▶ **INSTRUCTIONS TO FOLLOW**
Could you retype the entries below exactly, omitting every picture?

▶ **RECORDS SHOWN**

********

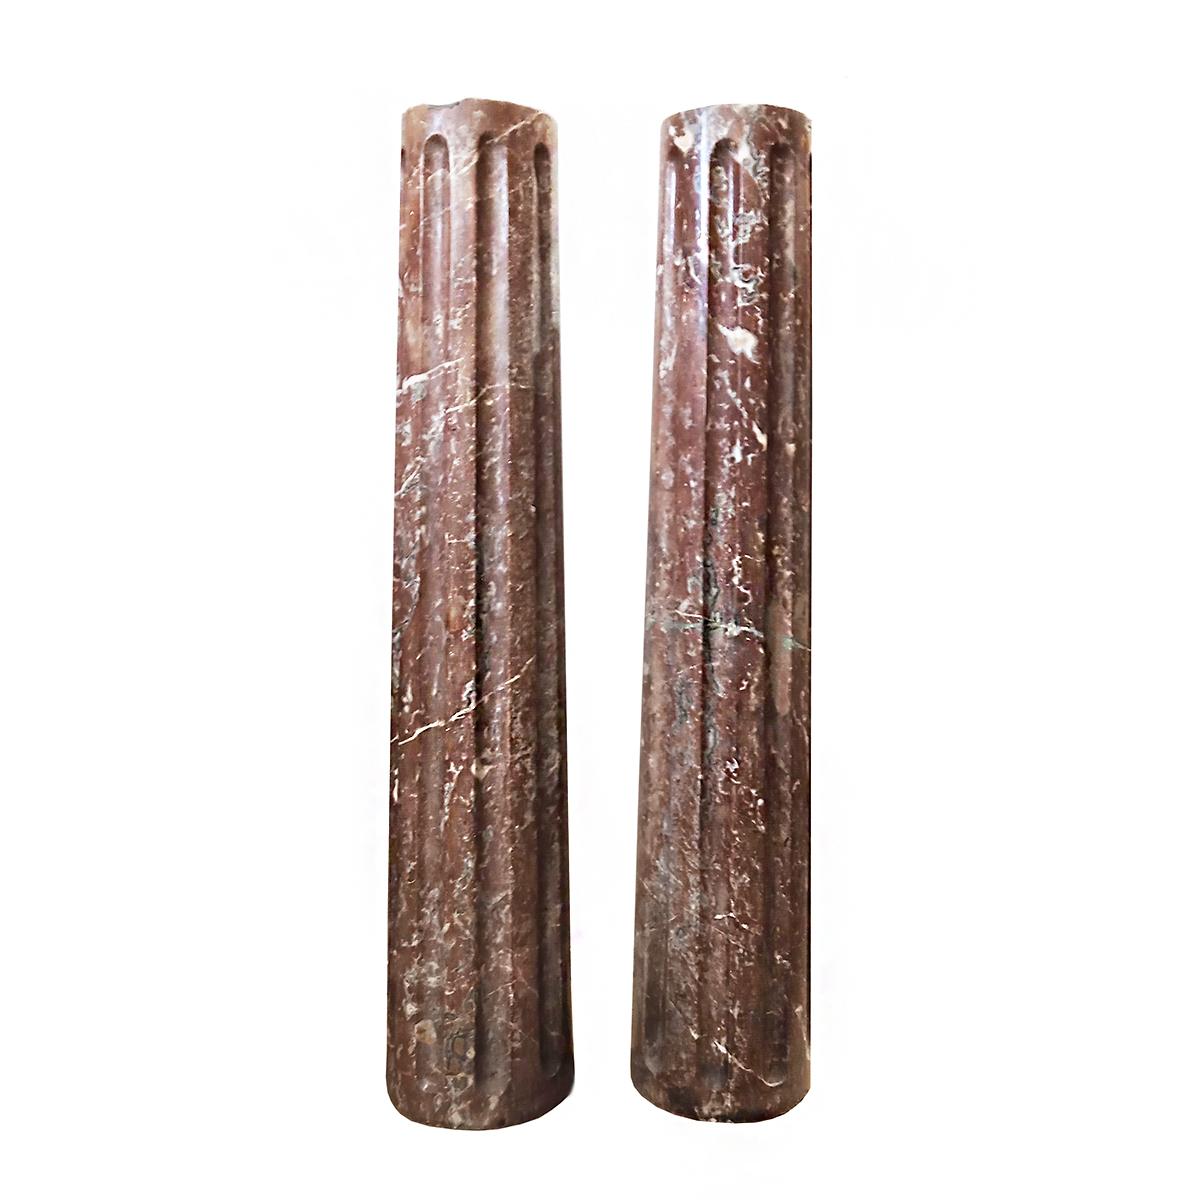 Zwei kannelierte Säulen, handgeschnitzt in rotem Marmor, um 1850.
Maße: 28.5 Zoll hoch.
Ideal als Sockel, Konsolenfuß oder als dekoratives architektonisches Element. Preis und Verkauf separat.
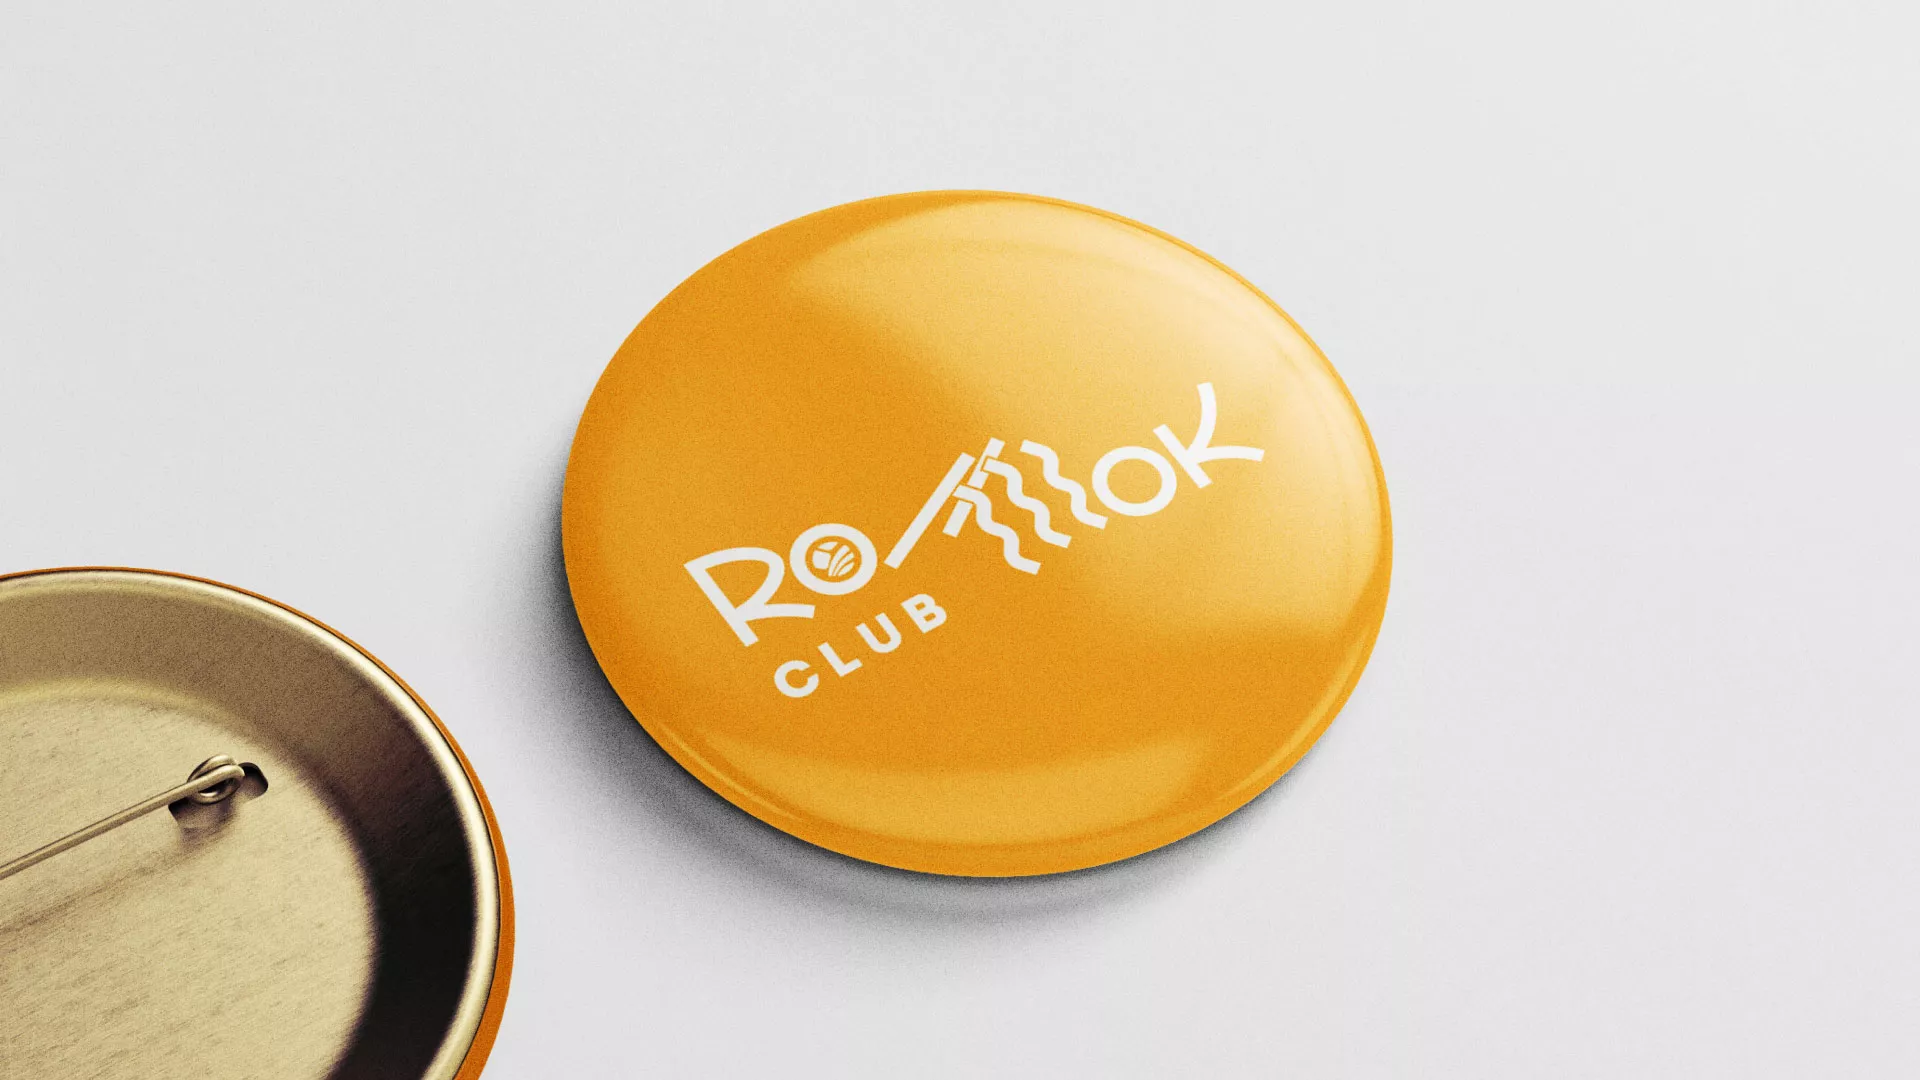 Создание логотипа суши-бара «Roll Wok Club» в Вельске
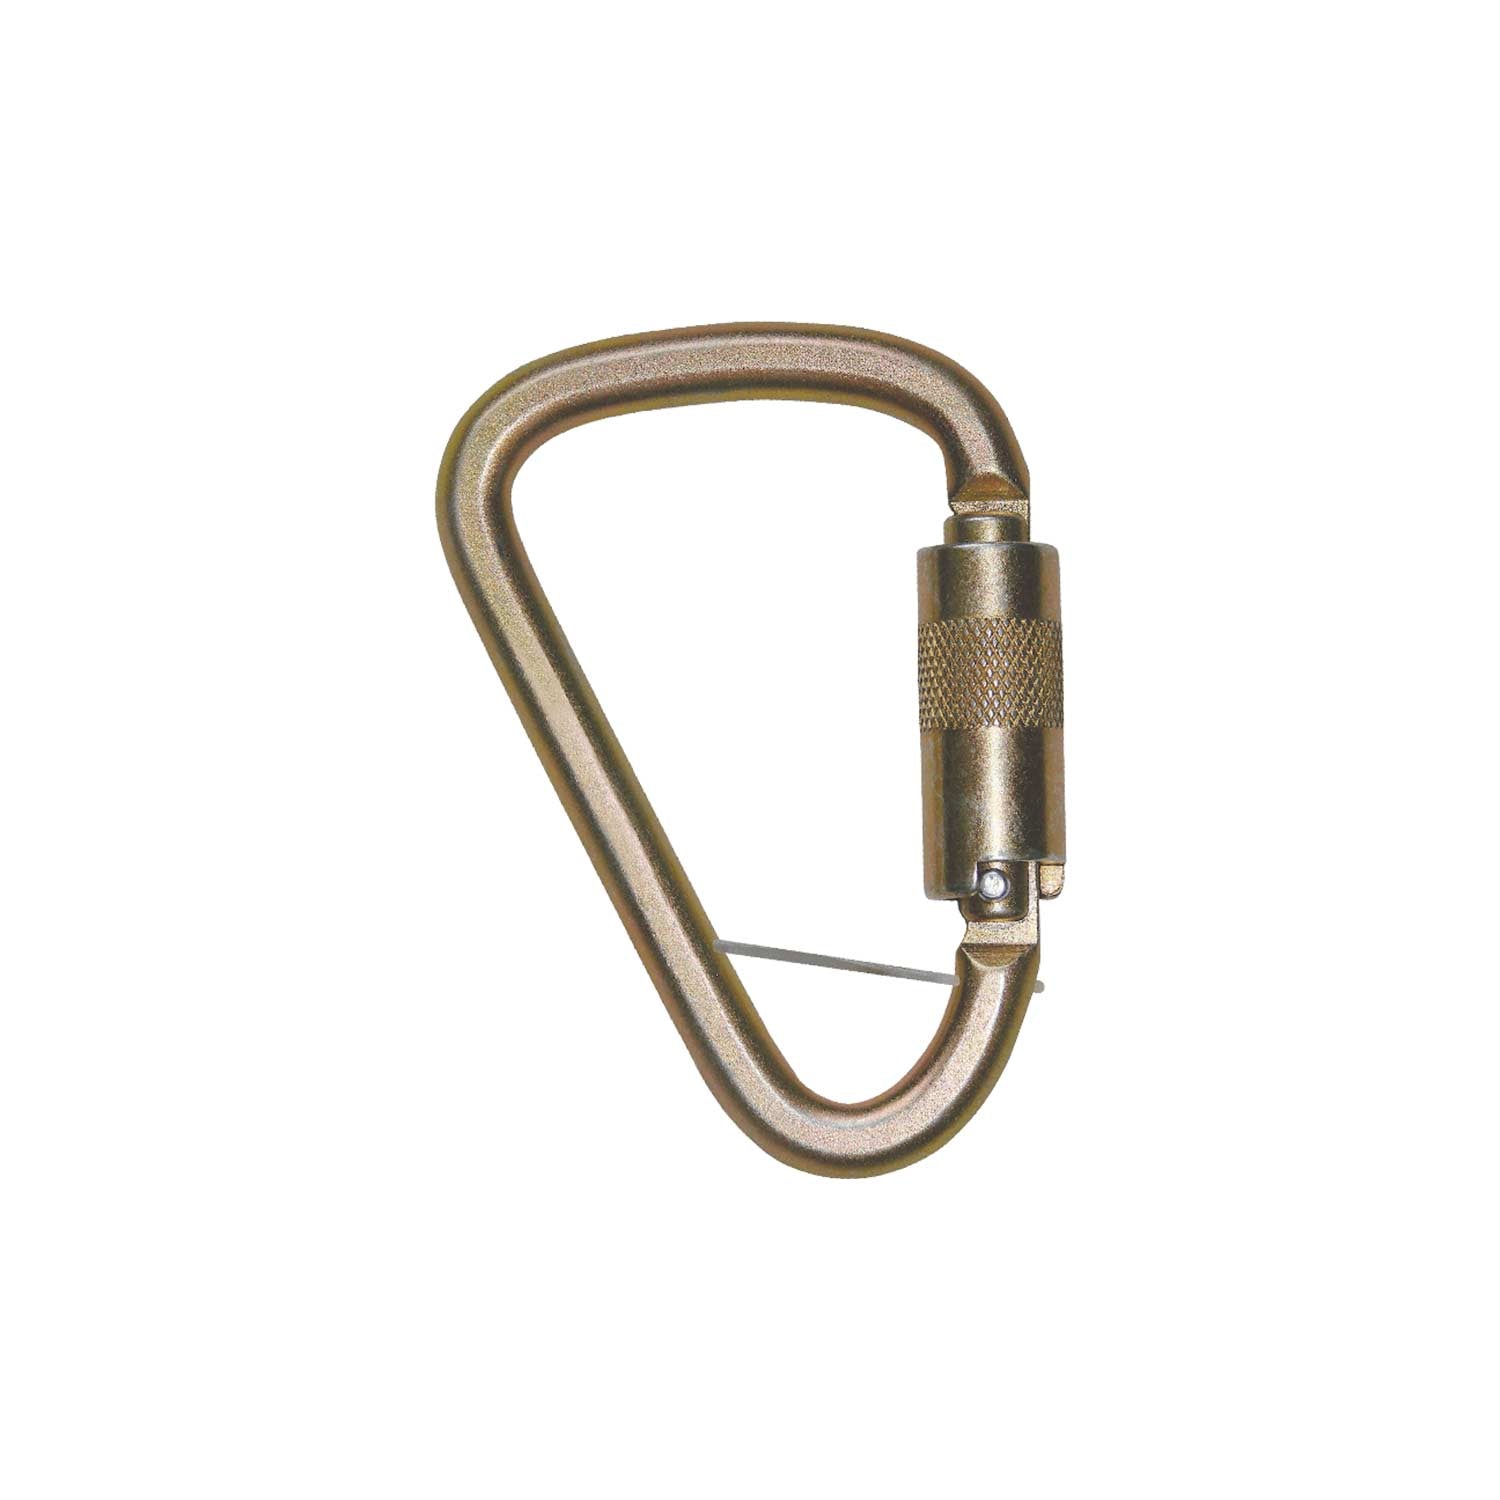 50 ft Rope/ Aluminum O-Ring/ Locking Carabiner Climbing Kit

********

▶ **WRITTEN ANSWER**
 Zwei kannelierte Säulen, handgeschnitzt in rotem Marmor, um 1850.
Maße: 28.5 Zoll hoch.
Ideal als Sockel, Konsolenfuß oder als dekoratives architektonisches Element. Preis und Verkauf separat.
 Создание логотипа суши-бара «Roll Wok Club» в Вельске
 50 ft Rope/ Aluminum O-Ring/ Locking Carabiner Climbing Kit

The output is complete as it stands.